China's top market regulator is taking a final swipe at the country's biggest internet companies as the government puts antitrust in its crosshairs.

Three leading e-commerce companies - JD.com, Alibaba's Tmall and Tencent-backed Vipshop - have been fined 500,000 yuan ($76,657) and requested to "conduct rectification" for irregular pricing over the past two months, according to a statement by the State Administration of Market Regulation.

"Consumers have complained these platforms raised prices before introducing discounts, conducted fraudulent promotions and induced consumers into purchases related to Nov. 11 shopping events," the administration said in a statement. "So the authority investigated."

During Nov. 11 shopping events JD.com, Tmall and Vipshop claimed to have earned 271.5 billion yuan, 498.2 billion yuan and 10.2 billion yuan in revenues, respectively, according to public information. Tmall and Vipshop claimed revenues increased by 26% and 27% compared with the same time a year ago.

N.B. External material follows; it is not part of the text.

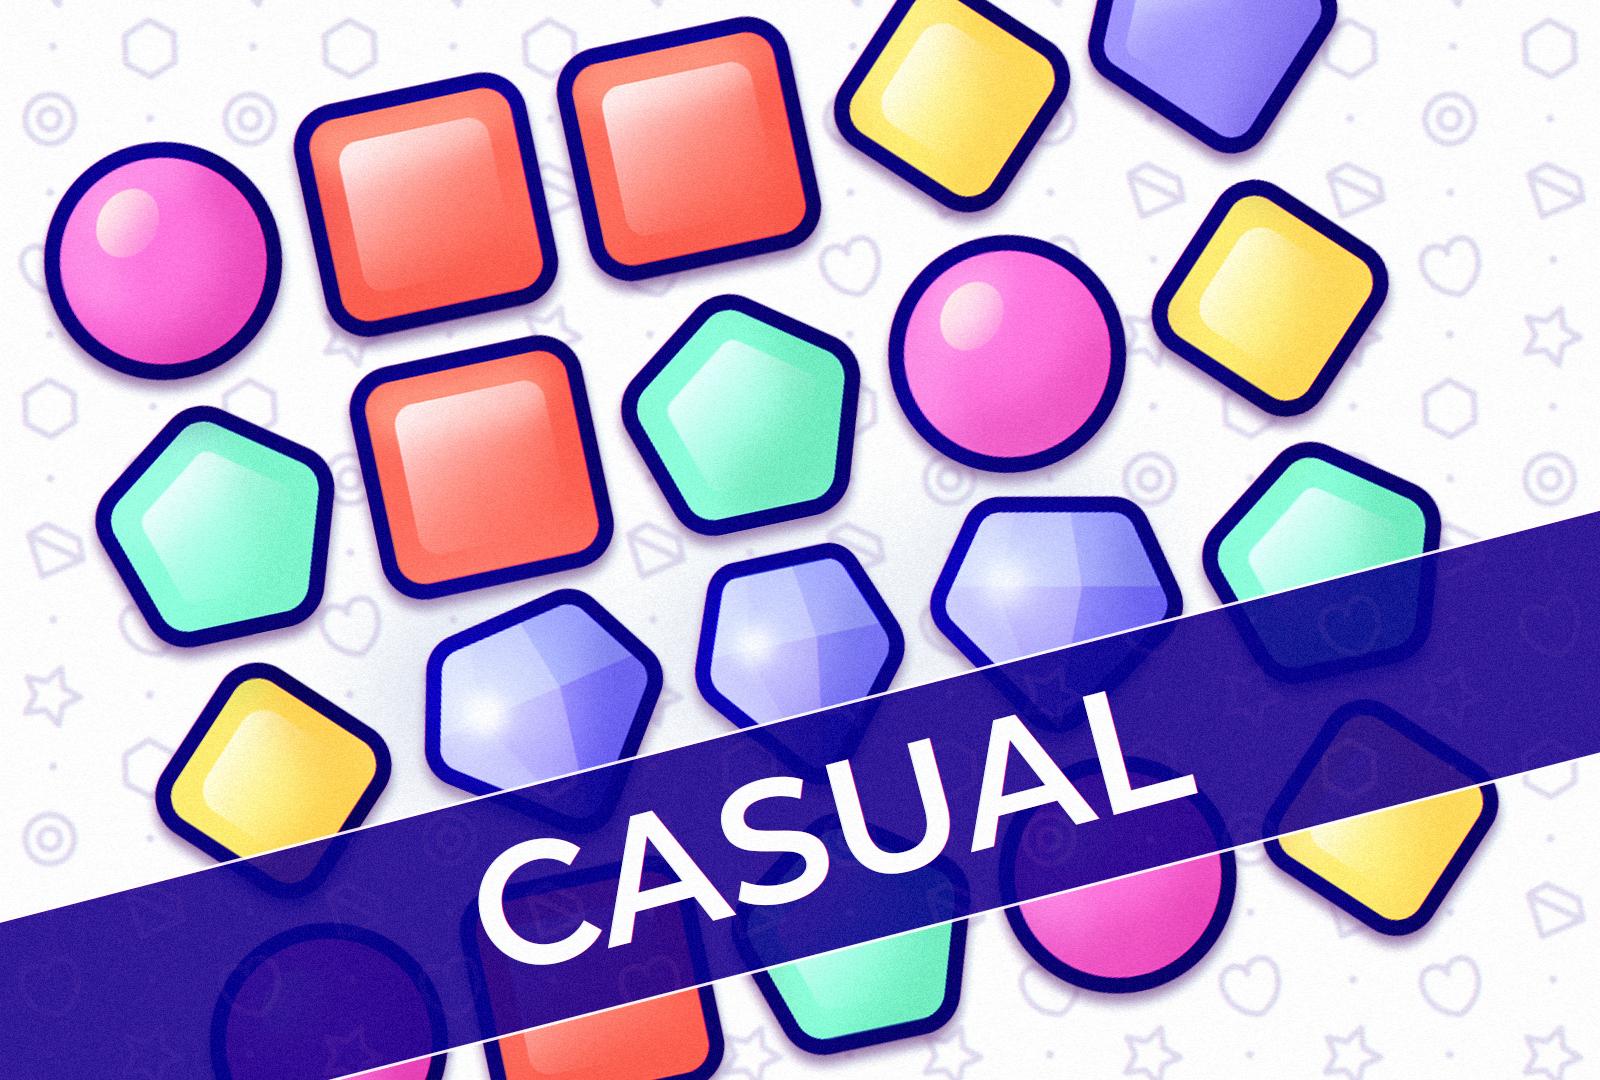 Казуальні ігри: що це, якими вони бувають і як розвивається жанр Фото 0

Regulators found seven pricing irregularities on Vipshop. In one example, a rice cooker was advertised as "the lowest price across the whole internet." The authority said the company "couldn't prove such a claim was true."

Similar cases were seen on the other two applications. The regulator charged JD.com on nine pricing irregularities while Alibaba was found to have 10.

In response, Vipshop said it would "comprehensively address the matter and further standardize its business operations." Alibaba and JD.com didn't respond to requests for comment.

Analysts said that with their advanced technologies the internet companies had made promotional approaches more complicated and harder for consumers to identify.

Fliggy, an online platform owned by Alibaba, was accused of "false promotion" for selling hundreds of tickets for budget travel fares during the Nov. 11 shopping event. It later couldn't issue tickets to consumers and claimed "system problems." Sina's Black Cat Complaints, a consumer complaint and mediation company, has received 305 complaints about this but resolved 0.66% of cases.

The administration released draft antitrust guidelines Nov. 10. It signaled policymakers' growing concerns over monopolistic practices and unfair competition.

As of Dec. 1, the administration followed up a temporary regulation specifically to standardize promotional behavior. The regulation imposed restrictions on raising prices before discounts, conducting complicated discount rules and other deceptive promotional behavior.

The administration has fined Alibaba Investment, a subsidiary of Alibaba Group Holdings Ltd., Tencent Holdings-backed China Literature and Shenzhen Hive Box 500,000 yuan each for failing to report acquisition deals for antitrust review.